Подпольный клуб самбы… Незаконным был не сам клуб, незаконной была музыка. Самба была вне закона. Латиноамериканскую музыку считали губительной, потому что Южная Америка не входила в социалистический блок, а сотрудничала с императорской Японией. И несмотря на закон, существовали незаконные клубы самбы, расположенные по углам улиц в Гарлеме и на всем Ист-Сайде. В конце концов, это было Большое яблоко, здесь вы могли найти все. Если у людей не было рок-н-ролла, у них должно было быть хоть что-то. И некоторые крупнейшие покровители клубов были дочерями и сыновьями высших членов Партии фермеров и рабочих, так что это были достаточно безопасные заведения.

Шэд проводил свои свободные часы в поисках Мелка.

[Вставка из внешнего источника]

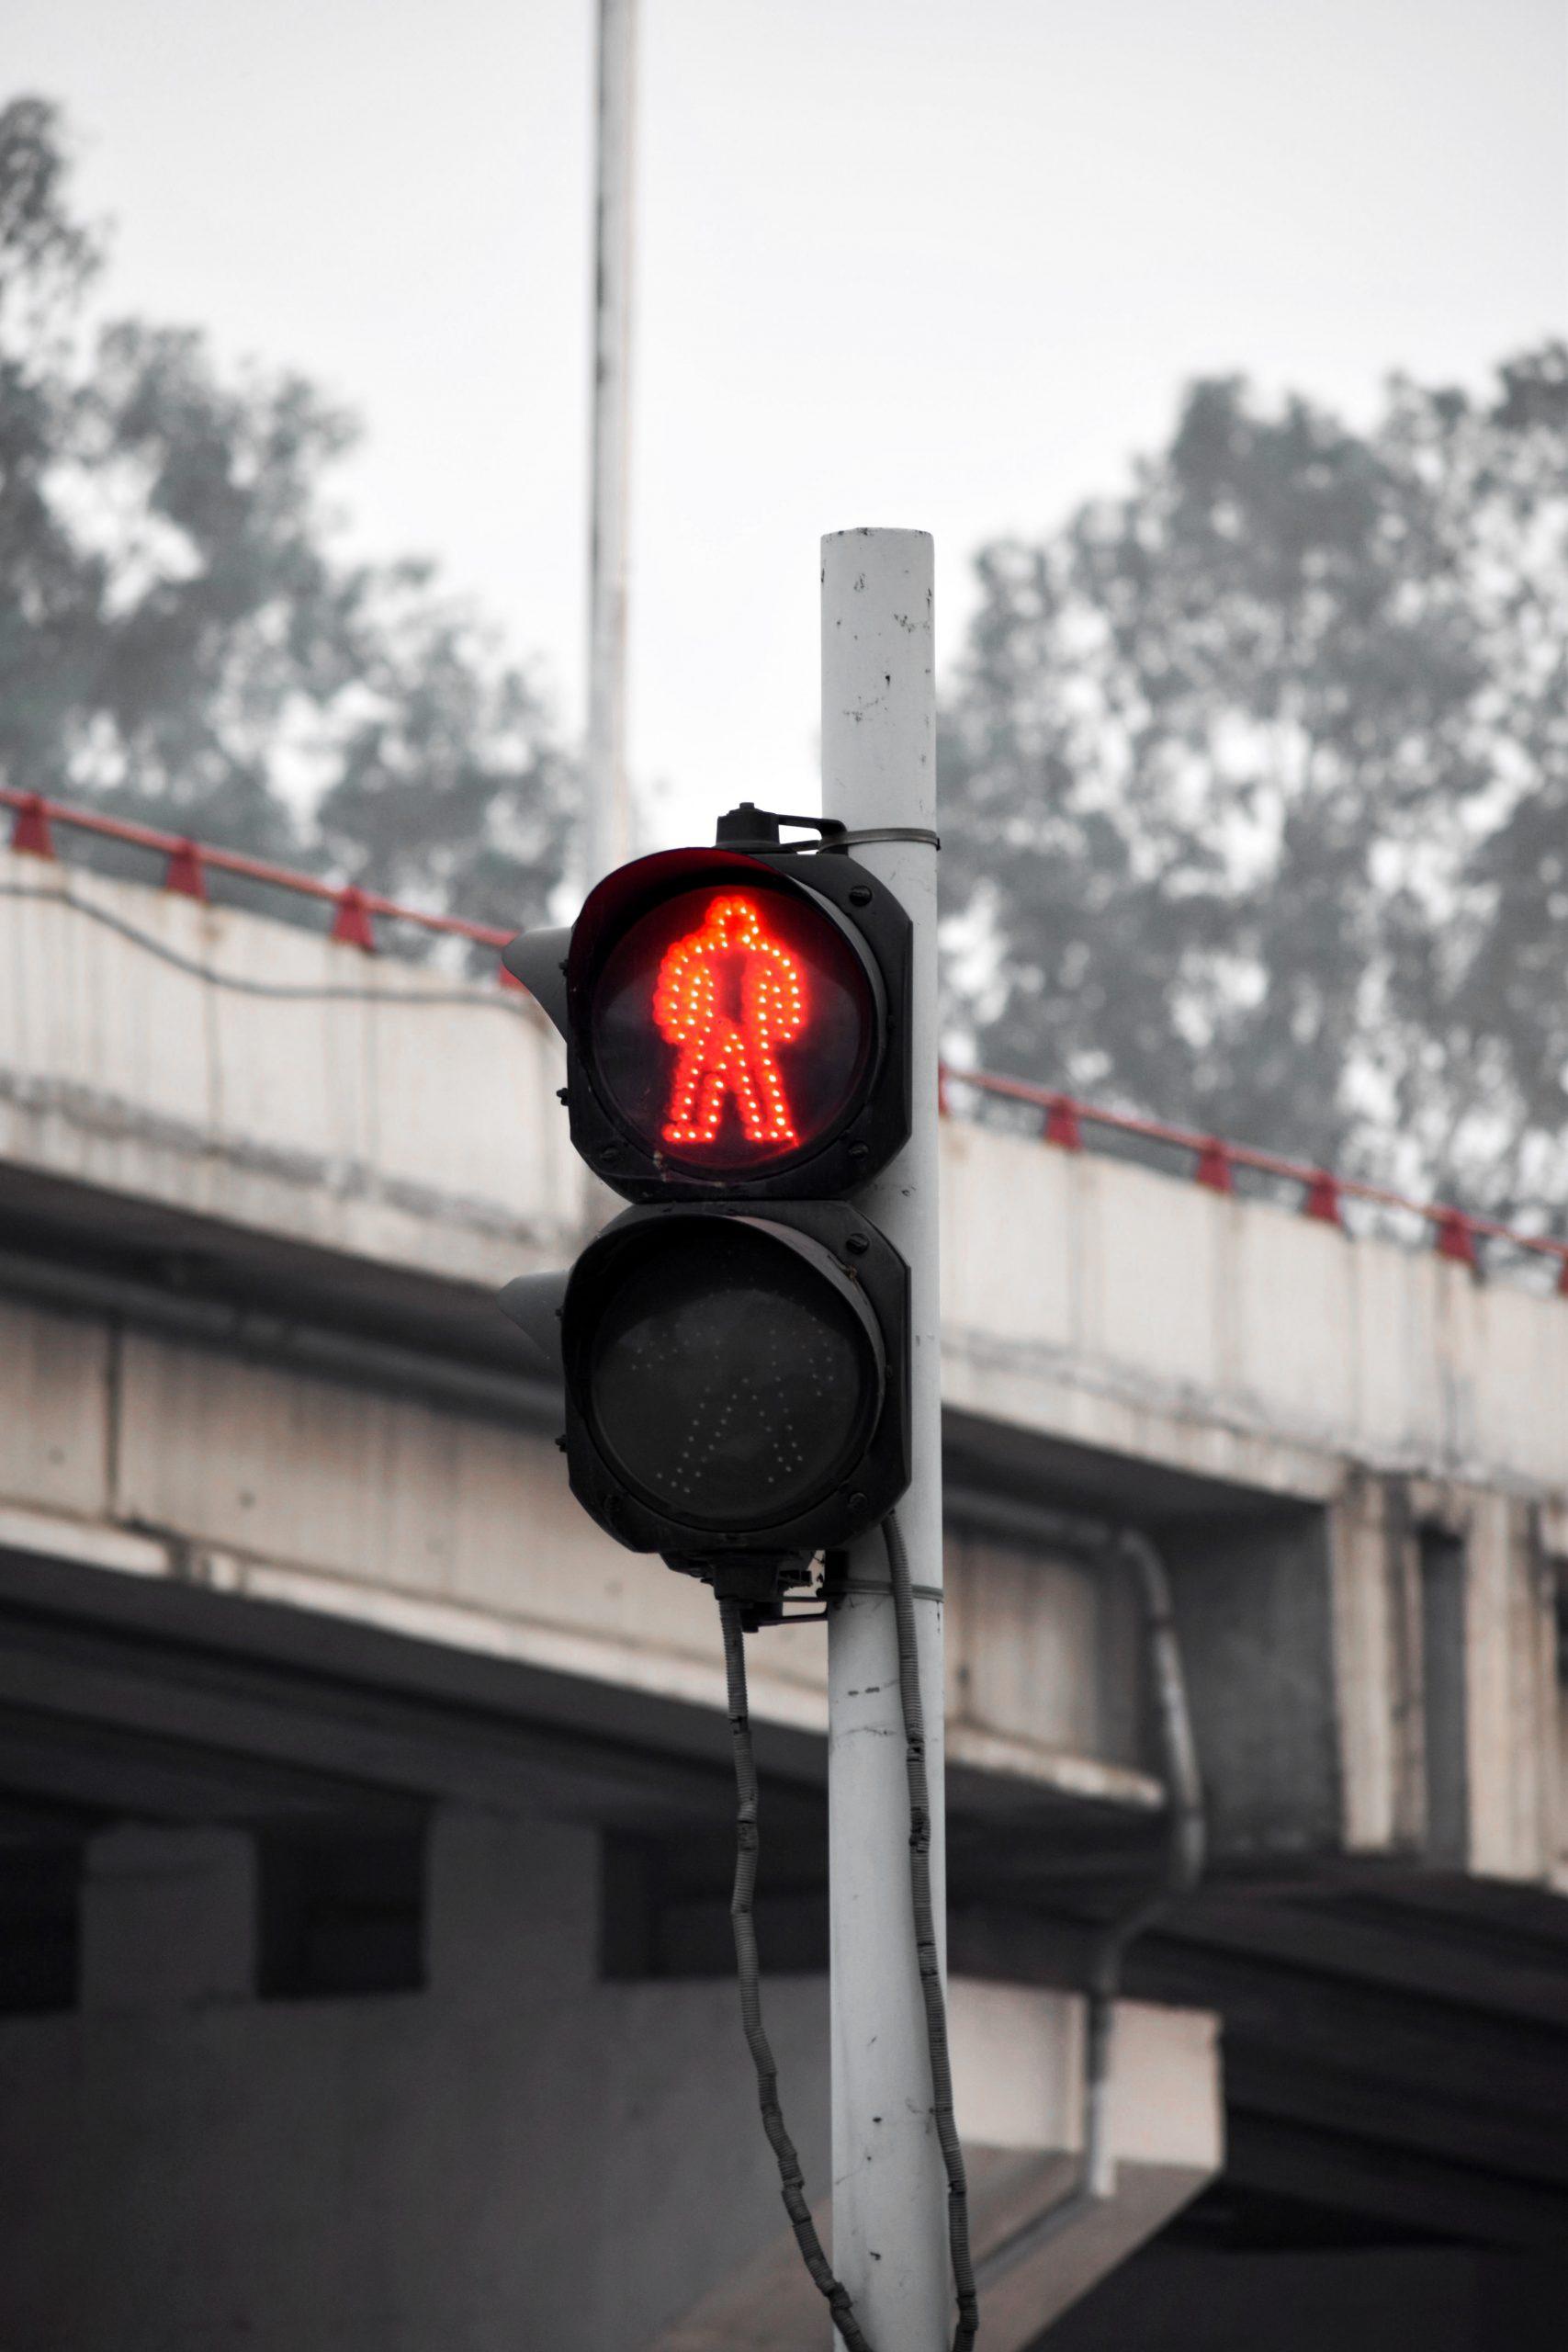 A traffic signal sign

Она исчезла в ту же секунду, как он попал в отделение неотложной помощи. Когда он спросил о ней персонал госпиталя, никто не смог ее вспомнить.

Он все еще не знал, почему она преследовала его. Он все еще не знал, то ли она помогла ему, то ли планировала это все с самого начала.

Отношение к нему здесь было другим, и ему понадобилось провести некоторое время на улицах, чтобы понять это. В его родном Нью-Йорке люди смотрели на него как на преступника или как на потенциального преступника. Были ювелирные магазины, не открывавшие перед ним двери, даже если он размахивал пачками денег. Но уровень преступности и количество убийств среди черных были здесь не слишком высокими, и люди смотрели на него по-другому. Защищенное негритянское меньшинство было исторически угнетаемой расой, боровшейся за равенство, которого они, несмотря на огромные общие усилия, кажется, так и не достигли.

Короче говоря, белые люди смотрели на него как на отстающего в развитии – добросердечного и заслуживающего сочувствия, но немного отсталого. Никто не ставил ему в вину, если он не справлялся с чем-то сам – в конце концов, это не он был виноват, а исторические обстоятельства, – и это означало, что никто не ждал от него многого.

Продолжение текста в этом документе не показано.